Лефорт засомневался.

— Мало, мало их, Питер, учителей этих. Надо бы из Амстердама, Роттердама, Утрехта корабельных мастеров скликать.

— Э-э-э-э! — отмахнулся Пётр. — Когда ещё они к нам поспеют! Скликать-то, верно, надо, а приступать должно без них.

На том и порешили и стали готовиться, всяк по-своему. Пётр ухватил Головина за пуговицу камзола, велел погодить.

Когда Лефорт с Апраксиным вышли, Пётр промолвил:

— Вот что, Фёдор Алексеич. На Азов пойдём, когда флот сладим, то дело долгое, сам понимаешь. Оно основательности требует. Ты ж всю Сибирь прошёл, видел небось тамошние неустройства.

— Верно, государь. Велико царство Сибирское, а доход мал. Воеводы тучнеют, сами себе господа...

— Вот-вот, — подхватил Пётр, — нам для Азовского походу деньги надобны. Не токмо монастырские — сибирские большие деньги. Тамо и золото, небось, отыщется, однако в цене золота мягкая рухлядь. Сбирают её с ясачных мало, надо бы вдвое более.

— Втрое, государь, а то и вчетверо...

— Вот я и мыслю поставить тебя ведать Сибирским приказом, — прервал его Пётр. — Будешь ты наместником сего обширного царства. Дам тебе полную мочь, дабы ты надёжных людей воеводами ставил, кои интерес государственный блюли б. Не под себя гребли, как нынешние.

Фёдор вздохнул.

— Чего молчишь? Ну? Верю в тебя, справно ты с китайцами сладил да и всё царство не токмо обозрел, но, можно сказать, своими боками ощупал, всё ведаешь.

— Велика тягость, государь, — наконец вымолвил Фёдор, — да коли велишь, взвалю на себя да снесу.

— Вот и ладно, вот и путём, — обрадовался Пётр. — Завтрева и указ велю учинить. А ты людишек, кои тебе ближе, собери. Которые с пользою тебе послужат.

— Для сего время надобно. Людей дельных на примете мало.

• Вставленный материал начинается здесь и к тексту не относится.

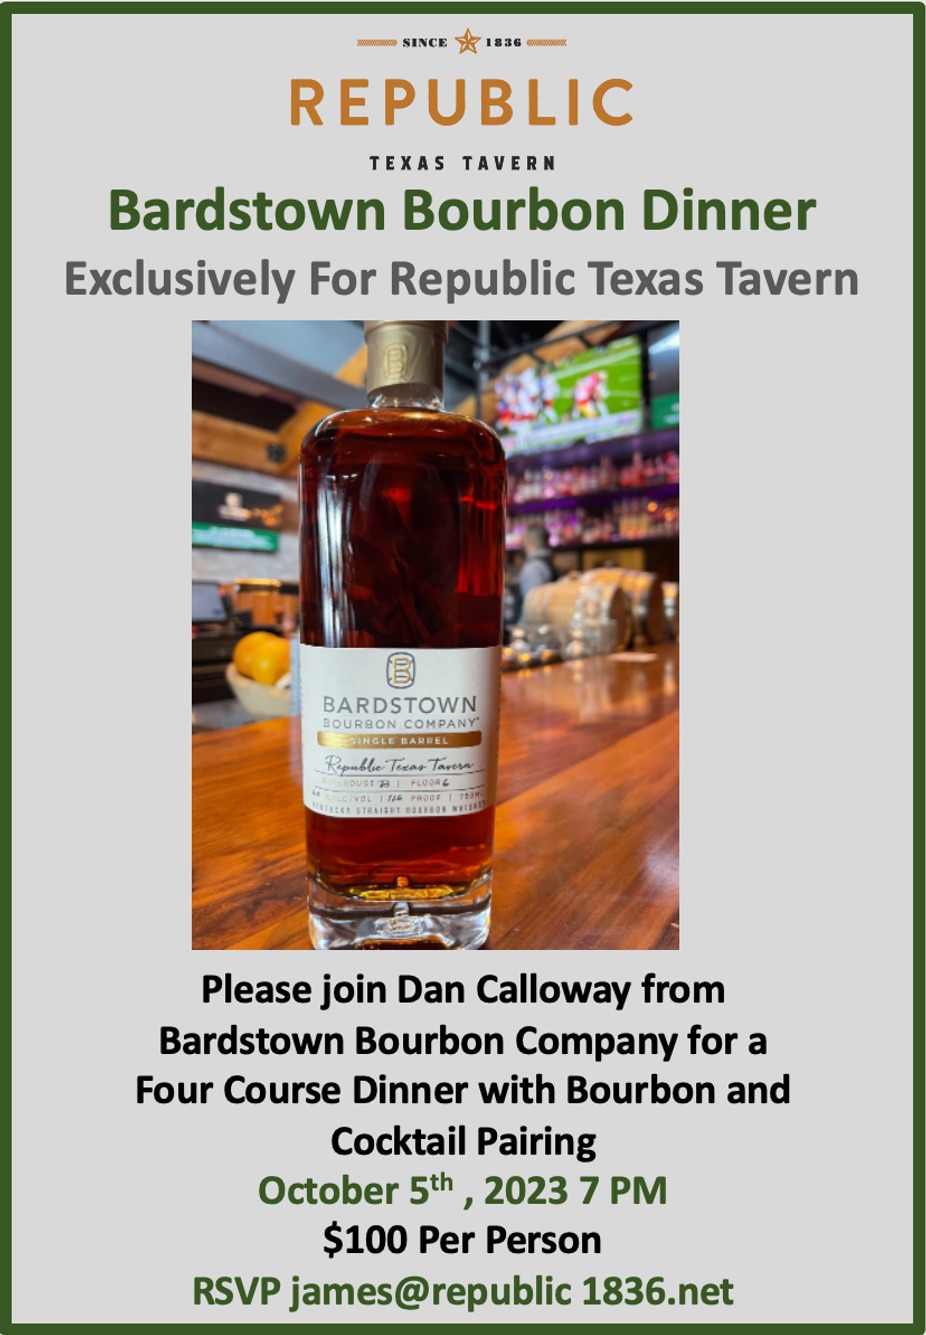 Bardstown Bourbon Dinner event photo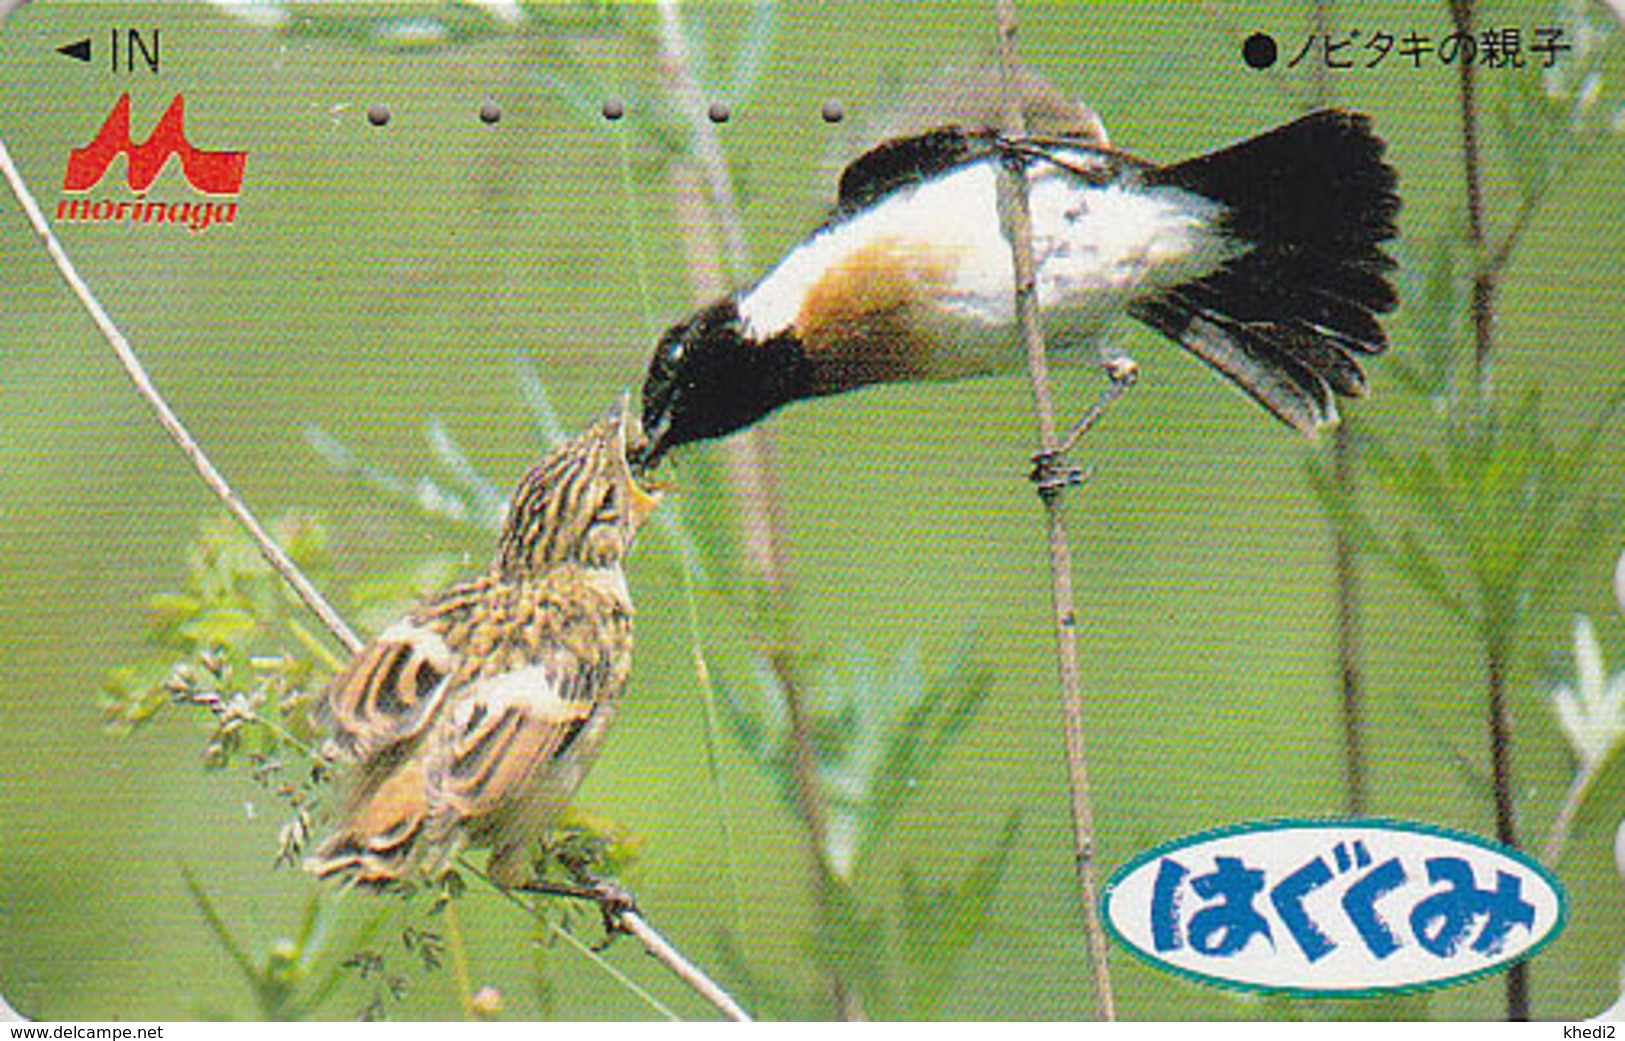 Télécarte Japon / 110-011 - Animal - OISEAU Au Nid - SONG BIRD Feeding Japan Phonecard - BE 4425 - Sperlingsvögel & Singvögel

— Я тебе верю, — повторил Пётр, — ты сладишь.

На том и расстались. Фёдор пошёл к себе, размышляя. Не робость его взяла, а сомнение: где сыскать годных людей, на кого можно было бы понадеяться? Он мысленно объял и своё новое поприще, и ближних человеков и поёжился. Да, тягость громадная, под силу ли она? Легко взялся, а тяжело везти. По нему ли воз?

День шёл к вечеру, на солнце, торжественно и как-то неохотно клонившееся к закату, наползли лёгкие облака, и края их мгновенно зажглись, запылали, розовый отблеск лёг на церковные купола и позолотил их. Фёдор поглядел и благоговейно перекрестился. Вереница галок и грачей потянулись на ночлег куда-то к Коломенскому. Речка Яуза, которую он переезжал, уже как бы потяжелела, потемнела, одинокий чёлн рыбаря прибивался к берегу.

Фёдор держал путь в Немецкую слободу, хотел объявить свою новую ношу Лефорту, с которым тесно сошёлся. Ему нравились его беззаботная лёгкость, умение тотчас решить самое запутанное дело, весёлый нрав и здравый ум.

«Без иноземцев мне не обойтись, — думал Фёдор, — совет Лефорта необходим. Недаром государь так привязан к нему, всюду тащит его с собой, наградил высоким чином генерал-адмирала. Не грех посоветоваться и с Шафировыми. У них немало знакомцев среди своих. Ну и что, что выкресты? Государь не раз говаривал: по мне хоть крещён, хоть обрезан, был бы добрый человек и знал дело. Верно, очень верно! Все мы люди, а коли кто поспособней и поделовитей, тому честь и место».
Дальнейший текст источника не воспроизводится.